Die Roloffsche Eingangstür
Voigt&Kranz UG, Prerow
Bis zur Mitte des 19. Jahrhunderts hielt die Blütezeit der Darßer Türen an. „Um 1850 änderte sich die Lebensweise der Menschen und damit auch ihr modisches Bewusstsein. Viele zogen in die Stadt und verloren dabei ihre eigene Kultur aus den Augen. Es waren unser Großvater und Urgroßvater, die 1931 nach langer Zeit wieder eine Darßer Tür bauten und die langjährige Tradition aufleben ließen“, sagt René Roloff und fügt hinzu, dass es sich bei dieser Tür um jene für das neu errichtete Gemeindeamt von Prerow handelte. Getischlert nach dem Vorbild alter Häuserder Segelschifffahrtszeit, besetzt mit einer Sonne, Blüten, einem Tulpenstrauß und einem Anker. „Eine Schlüsseltür. Sie hat unser Handwerk am Leben gehalten.“

Werkstattimpressionen
Voigt&Kranz UG, Prerow
„Mittlerweile ist es weniger die Symbolik als die Lebendigkeit einer Tradition, die Hausbesitzer auf der Halbinsel Fischland-Darß-Zingst motiviert, sich eine Darßer Tür anzuschaffen“, sagt René Roloff, während er uns in einen kleinen Nebenraum führt. An der Wand angelehnt eine gerade fertiggestellte blaue Tür mit klassizistisch gestaltetem Rahmen und ähnlichen Verzierungen, wie wir sie auch schon von der Eingangstür der Roloffs kennen.

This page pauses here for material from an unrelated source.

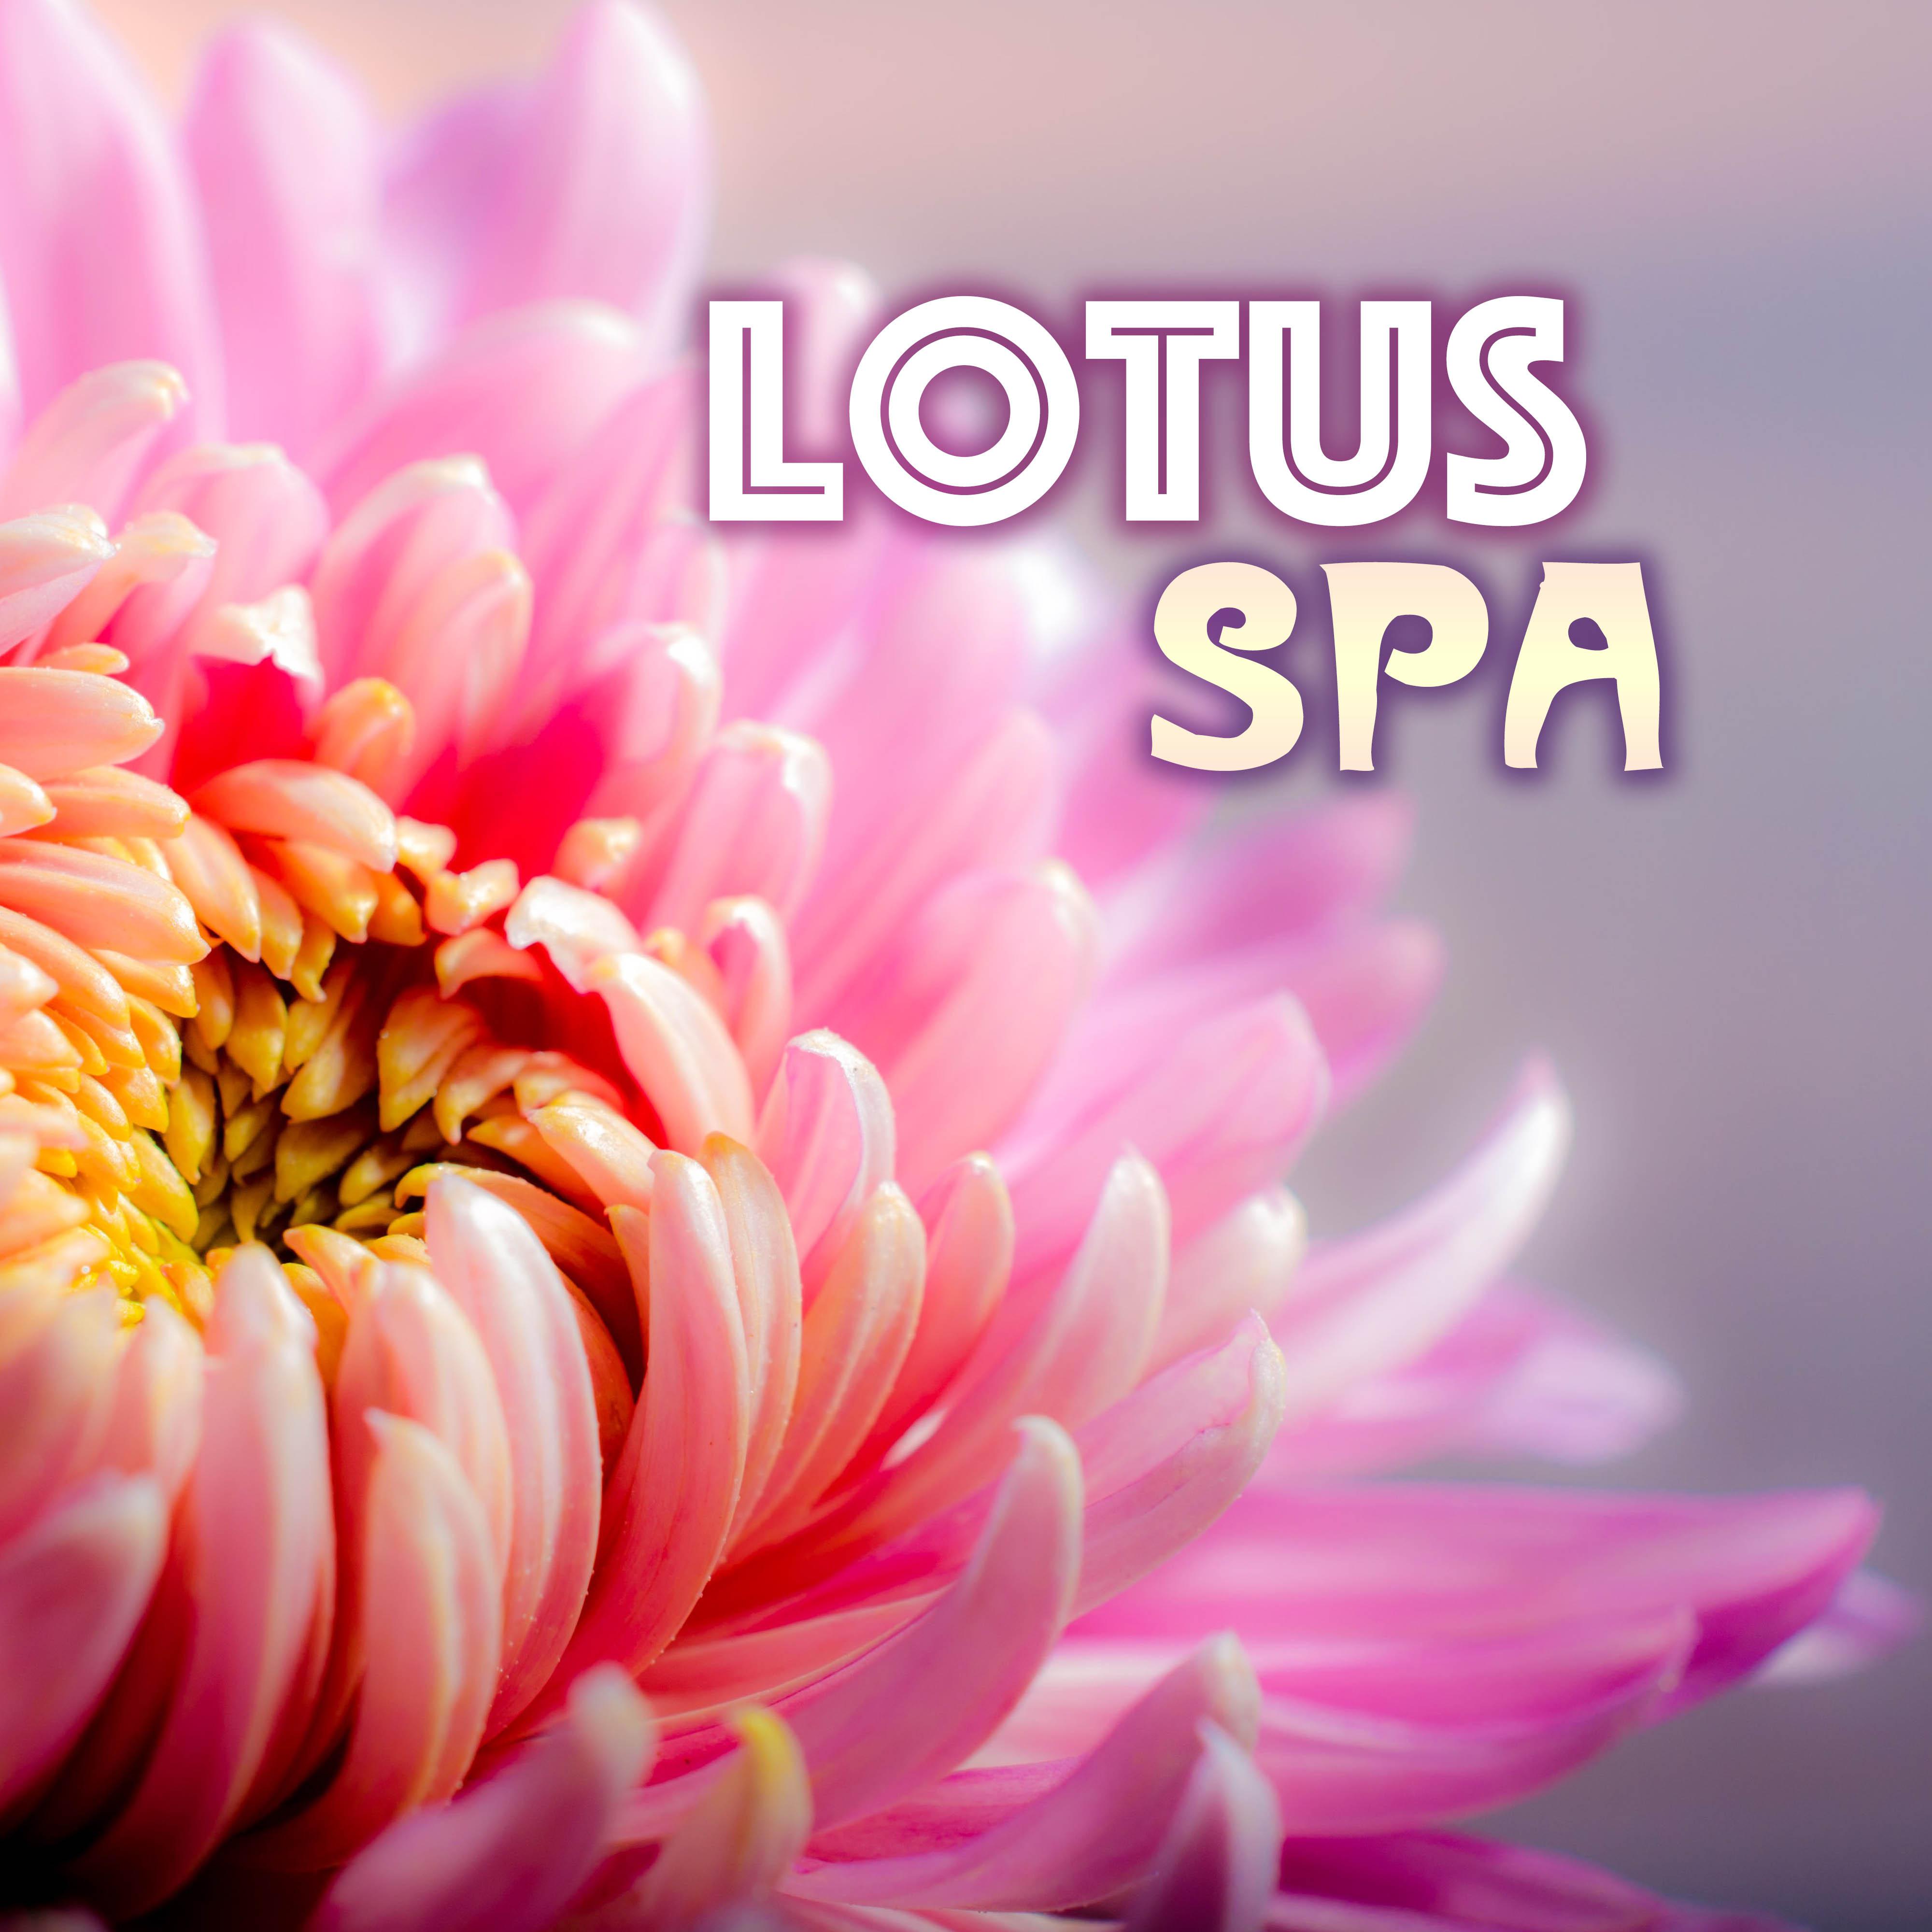 Lotus Spa - Asian Zen Meditate

„Bis so eine Tür alle Arbeitsschritte durchlaufen hat, vergehen meist mehrere Wochen. Deshalb schaffen wir im Jahr auch höchstens zehn komplette Türen und Schnitzereien für rund 30 weitere“, erklärt der Tischlermeister und macht klar, dass bis zu 40 verschiedene Werkzeuge nötig sind, um das sogenannte Meranti-Holz in Form zu bringen. „Früher wurden Darßer Türen traditionell aus Kiefernholz hergestellt. Die heute verfügbare Kiefer verspricht jedoch nicht mehr die nötige Haltbarkeit und Qualität. Wir haben den Anspruch, dass unsere Türen mindestens 100 Jahre halten, weshalb wir auf ein exotisches Holz ausgewichen sind.“

Pure Handarbeit an einer Sonne
Voigt&Kranz UG, Prerow
(René Roloff, Kunsttischlerei Roloff)
Während in früheren Zeiten ohne Maschinen gehobelt und gesägt wurde, erleichtert inzwischen das ein oder andere technische Gerät das Handwerk. Aber nicht vollkommen. „Wichtig ist uns, dass wir uns die Gestaltung nicht von den Maschinen diktieren lassen. Der entscheidende Teil wird immer noch von Hand hergestellt und mit jenem umfangreichen Werkzeugbestand bearbeitet, der über Generationen weitervererbt wurde. Das ist nicht zuletzt einer der Gründe, warum die traditionelle kunsthandwerkliche Herstellung der Darßer Türen 2018 von der UNESCO in die Liste des Immateriellen Kulturerbes aufgenommen worden ist“, sagt René Roloff und zeigt auf ein mehr als hundert Jahre altes Schnitzeisen, mit dem sein Bruder Dirk die letzten Späne von der aufgehenden Sonne abhebt.